EECummingsfication is user-configurable. It uses three files in the 'eecummings' folder which is inside the 'JanusNode Resources' folder. You can add items to and delete items from these files to customize the way eecummingsfication functions. Eecummingsfication works by looking for subword elements which can be interestingly 'isolated' from their context. The file 'EndCuts' contains strings that may possibly be isolated from the front if they appear in the text. (Since the tools apply by chance, there is no guarantee that any isolation will actually be made.) For example, if the word 'be' appears in the 'FrontCuts' file, then the word 'babe' might be split into 'ba' and return & 'be' when the tool is applied. Here the word 'be' is isolated from the front. The file 'EndCuts' contains strings that may (probabilstically) be isolated from the end if they appear in the text. For example, if the word 'be' also appears in the 'EndCuts' file, then the word 'bear' might be split into 'be' and return & 'ar' when the tool is applied. Here the word 'be' is isolated from the end. Note that such isolation would not occur from the appearance of the word 'be' in the 'FrontCuts' file. The 'FrameMe' file contains strings that will be isolated from both sides at once' If 'be' appears in that file, then the word 'unbearable' might be split up as 'un', return, 'be', return, and 'arable'- with 'be' isolated (= 'framed') from both sides at once.


'Dadaize' will randomly choose words from the original text and print them in a randomly-arrayed manner. There are two forms, representing sampling with or without replacement. If you choose 'No replacement' each word from the original text will be used at most once in each round (though you may ask your JanusNode to go through the original text multiple times, by setting the output size to an integer higher than the number of words in the input). Some of you may recognize this as the orginal formula for producing Dadaist poetry, as conceived of by the patron saint of JanusNodes, Tristan Tzara: "And here you are a writer, infinitely original and endowed with a sensibility that is charming though beyond the understanding of the vulgar". If you choose 'With replacement', a single word from the original text may be chosen more than once. Note that punctuation that is separated by a space from any word will be treated as word by the Dadaize function, so by adding such spaces one can have random punctuation in the Dadaized text.


'Random sentences' will randomly print entire sentences from the original text, sampling without replacement: in other words, it's like the Dadaize function, but works with sentences instead of words.

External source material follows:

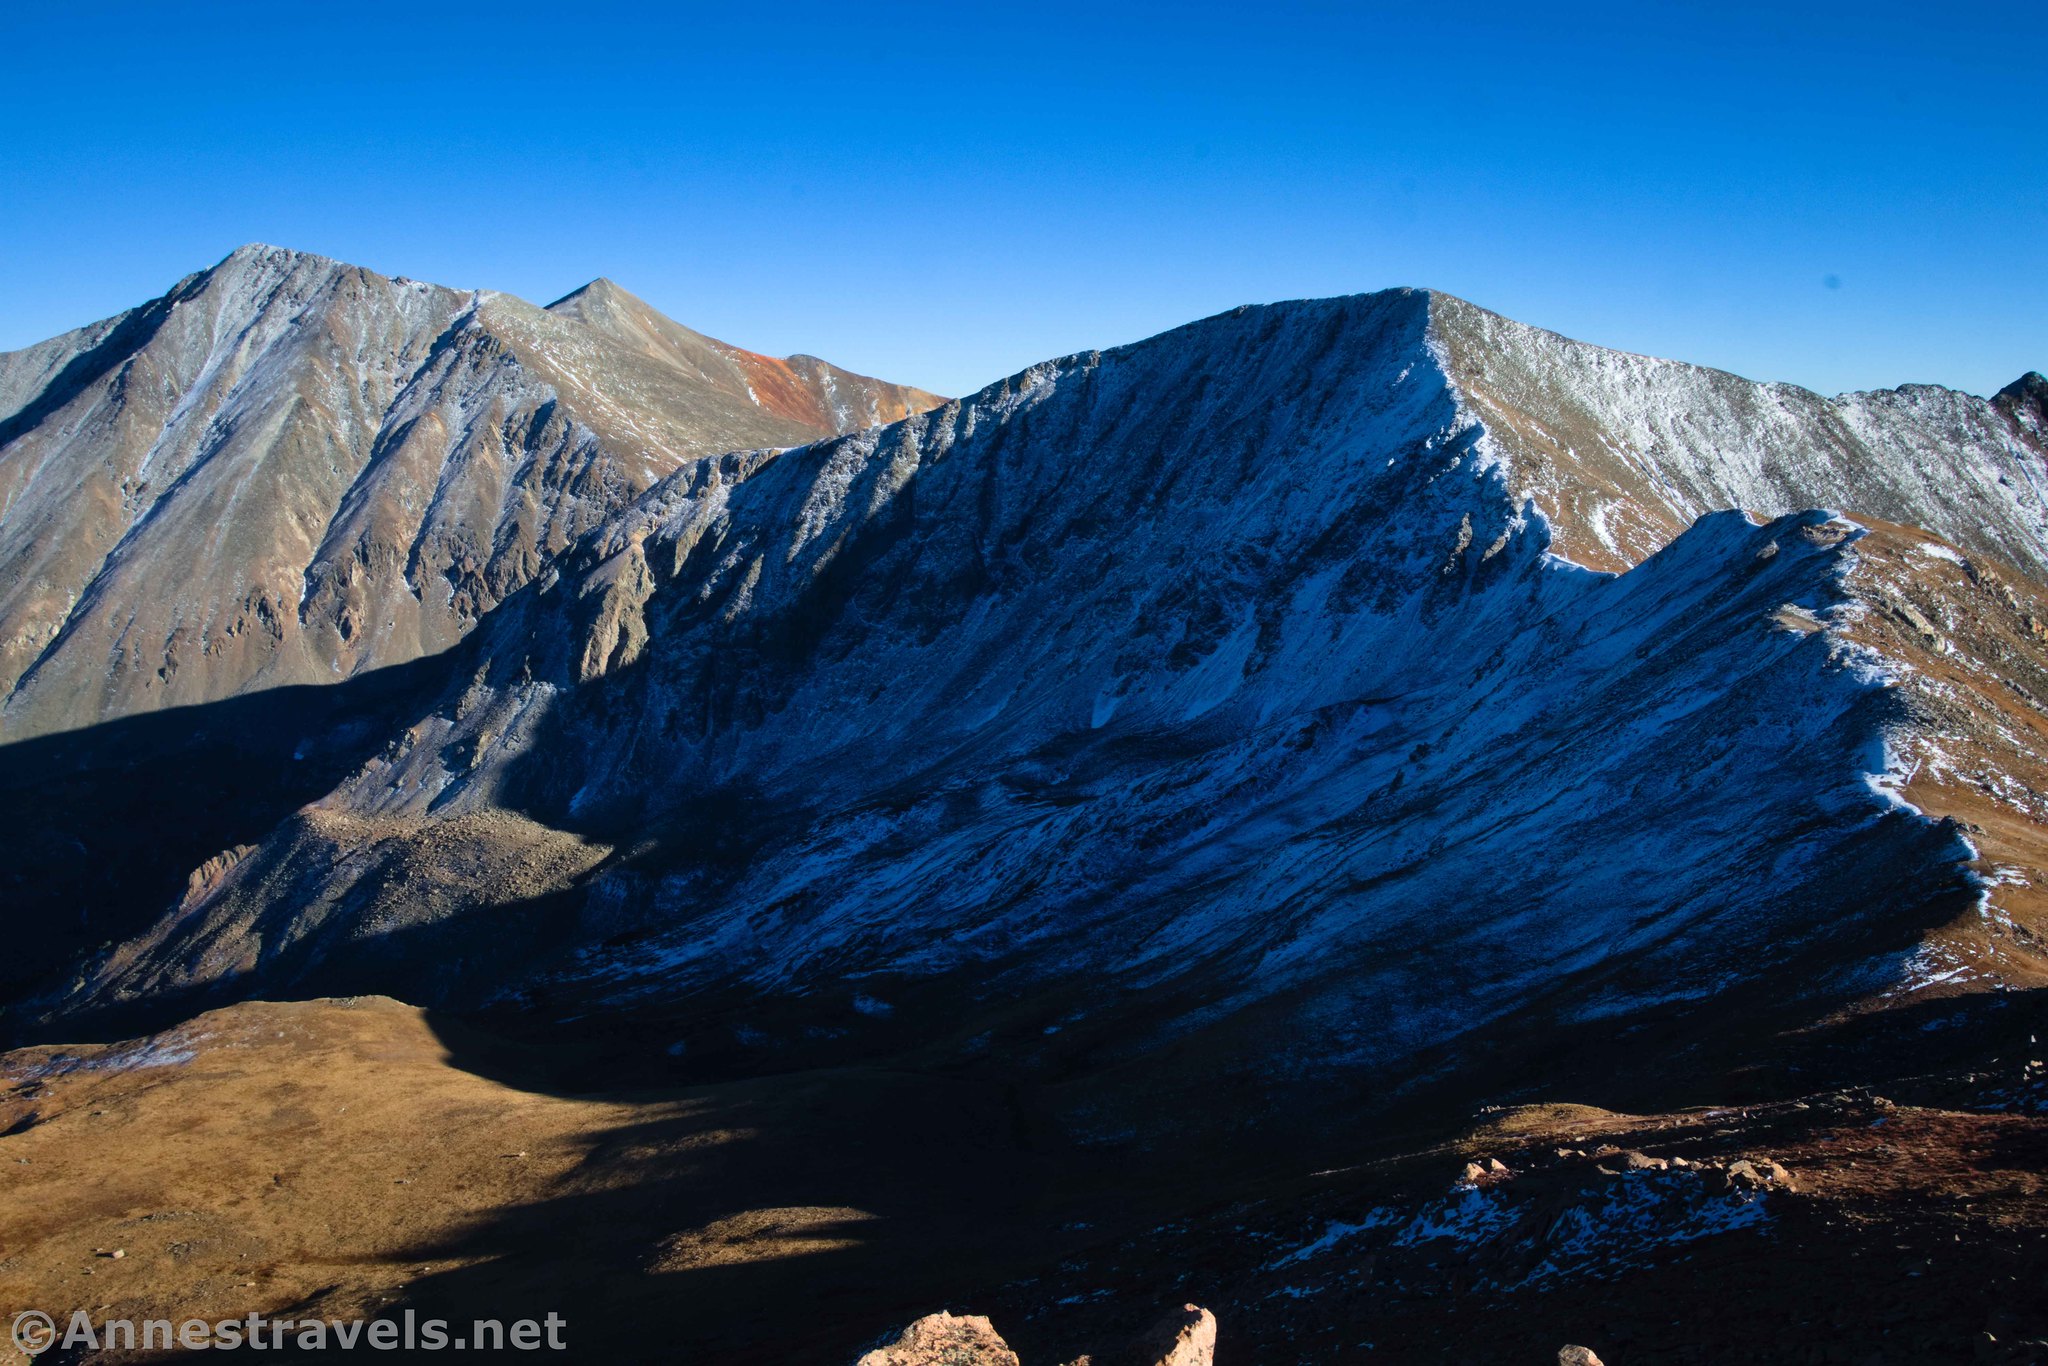 Torreys Peak, Grays Peak, and Grizzly Peak from Cupid Peak on a late autumn afternoon, Arapaho National Forest, Colorado

[Note to long-time users: 'Replace terms', a function which appeared in JanusNode's predecessors, has been removed. The 'Make A Rule' function (described below) became so much better than 'Replace Terms' was that it became misleading to allow users the choice between the two. If you want to see what a text would look like with its terms randomly replaced, use the 'Make A Rule' function to make an executable rule from the text, and then execute the rule. You can also use the 'Replace Words' function to replace specific user-chosen words.]


'Randomize' will randomly swap words in the text.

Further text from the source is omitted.